Di sisi lain, Erdin Werdrayana berhasil menciptakan antagonis yang tidak hitam-putih. Dennis yang ia perankan bukan sekadar penjahat kartun yang mudah dibenci, melainkan anak manja dari keluarga berkuasa yang tumbuh dalam lingkungan di mana hukum hanyalah formalitas.

Ekspresi dingin, nada suara yang penuh arogansi, serta gestur kecil yang menunjukkan ia merasa “tak tersentuh” membuat penonton merasa muak sekaligus miris—bukan pada aktornya, tapi pada sistem yang memungkinkan karakter seperti Dennis ada.

Para pemeran pendukung pun tak kalah memikat. Tika Bravani sebagai sang istri memberikan kekuatan diam yang mengharukan, Donny Damara menghidupkan pejabat korup dengan aura licin yang terlalu familiar di kehidupan nyata, Annisa Kaila menambah kehangatan sebagai sahabat keluarga yang setia, sementara Mathias Muchus sebagai pengacara membawa wibawa sekaligus keraguan moral yang subtil.

Kehadiran mereka semua membuat Ozora memiliki ensemble cast yang sangat solid—sesuatu yang masih jarang ditemukan di film Indonesia kelas mainstream, dan justru menjadi salah satu kekuatan terbesar film ini.

Secara teknis, film ini kinclong. Sinematografi oleh Faozan Ubaidah menangkap nuansa gelap Jakarta Selatan—dari hiruk-pikuk jalanan hingga kamar ICU yang steril—dengan palet warna dingin yang memperkuat tema isolasi.

Editing cepat di bagian investigasi membuat thriller-nya mengalir kencang, sementara slow-motion di momen doa bersama menambah lapisan emosional.

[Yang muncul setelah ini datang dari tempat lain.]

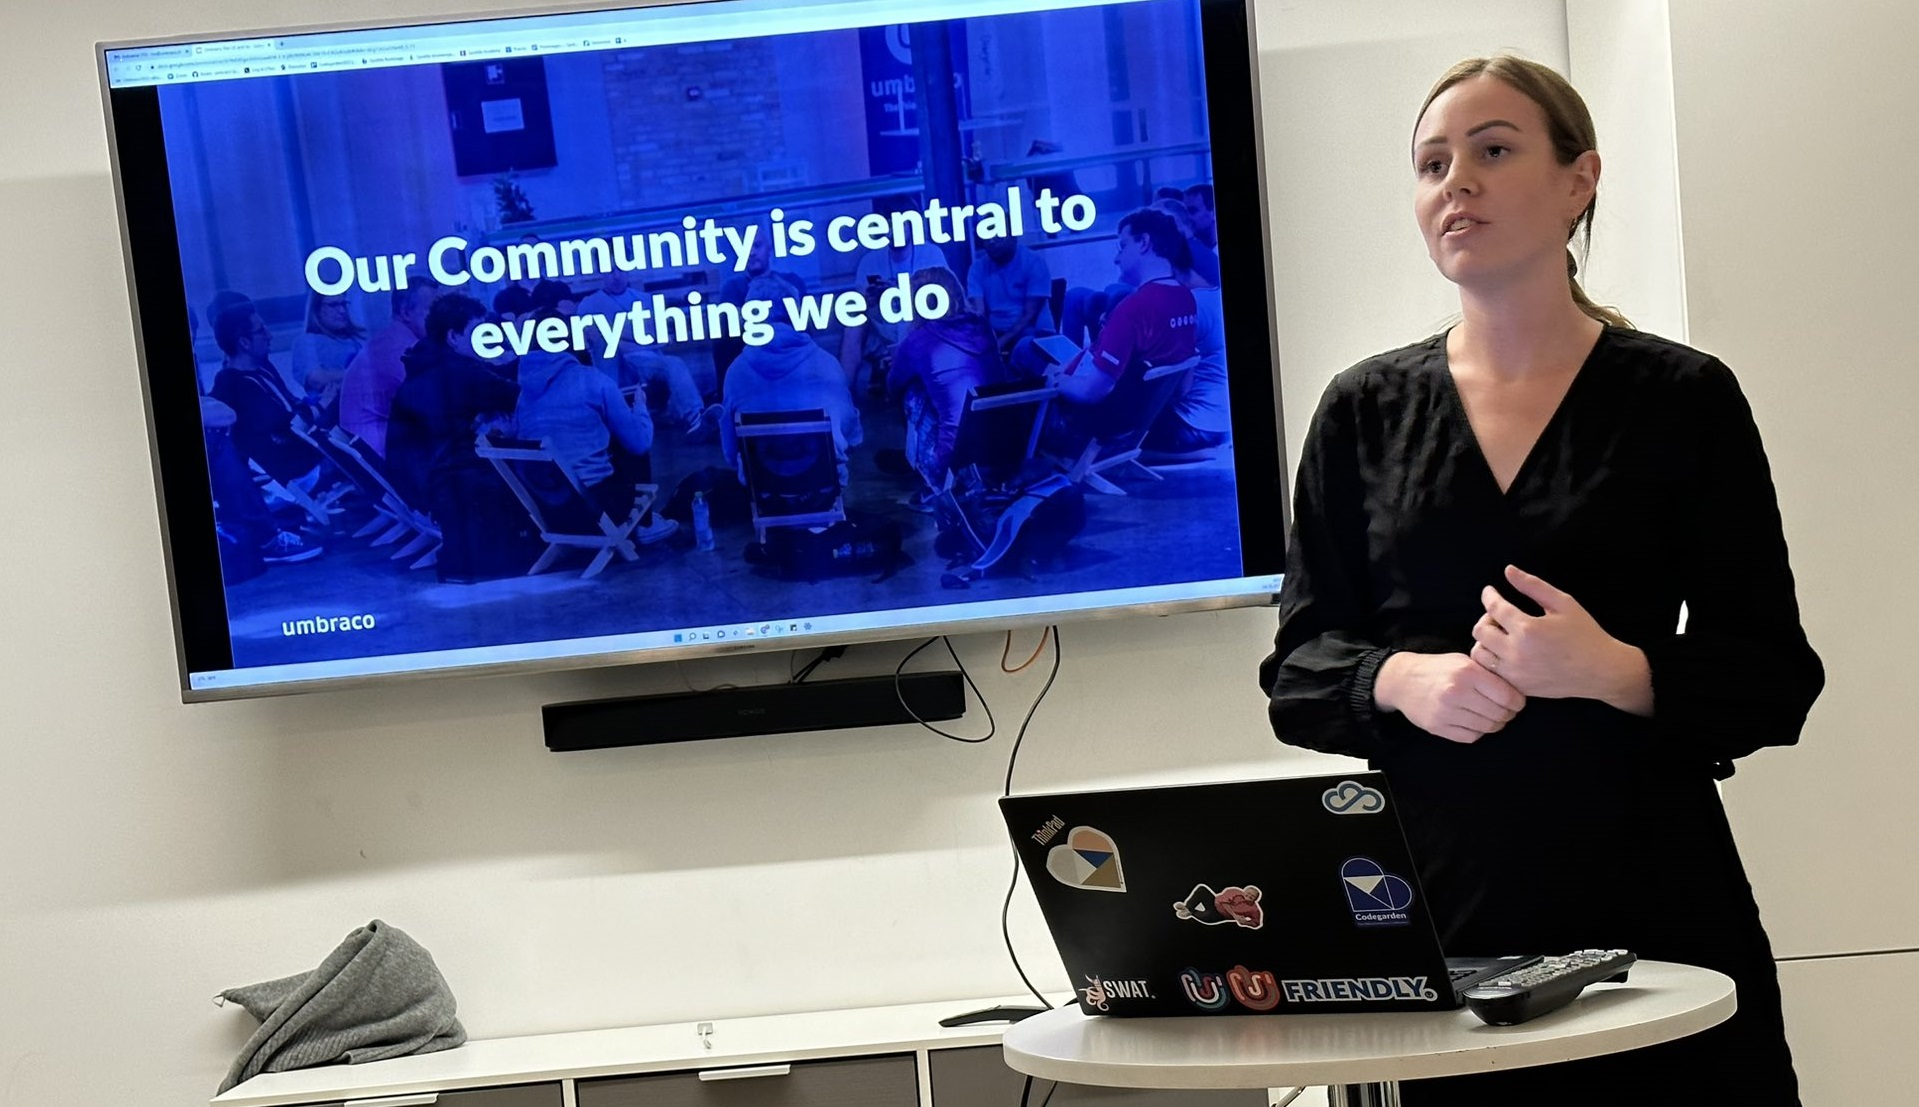 The Community is central to Umbraco

Sound design, terutama efek suara pukulan dan deru napas, terasa realistis tanpa berlebihan, didukung score orkestra yang membangun ketegangan. Durasi 109 menit terasa pas, tak ada adegan draggy yang bikin bosan.

Tapi, apa yang membuat Ozora lebih dari sekadar film bagus adalah relevansinya. Dua tahun pasca-kasus asli, di mana Mario Dandy Satrio divonis 12 tahun penjara dan ayahnya Rafael Alun Trisambodo terjerat korupsi, film ini jadi pengingat bahwa perundungan bukan isu masa lalu.

Ini mengkritik bagaimana "penguasa" Jaksel—atau siapa pun dengan koneksi—bisa memanipulasi hukum, tapi juga merayakan kekuatan rakyat: viralitas media sosial sebagai alat perlawanan.

Ini bukan propaganda; seperti kata Anggy Umbara, "Kita ceritakan apa adanya sebagai refleksi dan pembelajaran." Di era di mana kasus serupa masih muncul, Ozora mengajak kita bertanya: Sudahkah sistem berubah? Atau kita masih butuh doa dan aksi kolektif untuk keadilan?

Sayangnya, film ini tak luput dari kontroversi. Beberapa pihak menilai terlalu eksplisit dalam menggambarkan kekerasan, yang bisa traumatis bagi penonton sensitif.

Selain itu, adaptasi fiksi dari kisah nyata berisiko menyederhanakan kompleksitas hukum asli, meski tim produksi berkonsultasi langsung dengan keluarga Ozora. Tapi justru itulah kekuatannya: film ini tak netral, ia provokatif, mendorong diskusi di luar bioskop.

Secara keseluruhan, Ozora: Penganiayaan Brutal Penguasa Jaksel adalah masterpiece sinema Indonesia 2025. Dengan rating 8.5/10, ini layak ditonton bukan hanya untuk hiburan, tapi untuk kesadaran.

Di tengah hiruk-pikuk akhir tahun, luangkan waktu mulai 4 Desember 2025 untuk datang ke bioskop—baik XXI, CGV, atau Cinepolis—dan rasakan getarannya.

Ini film yang akan dikenang, bukan karena kontroversinya, tapi karena berani bilang: Keadilan bukan hak istimewa, tapi hak semua orang. Perjuangan Jonathan adalah perjuangan kita semua. Jangan lewatkan; ini bukan akhir, tapi panggilan untuk berubah.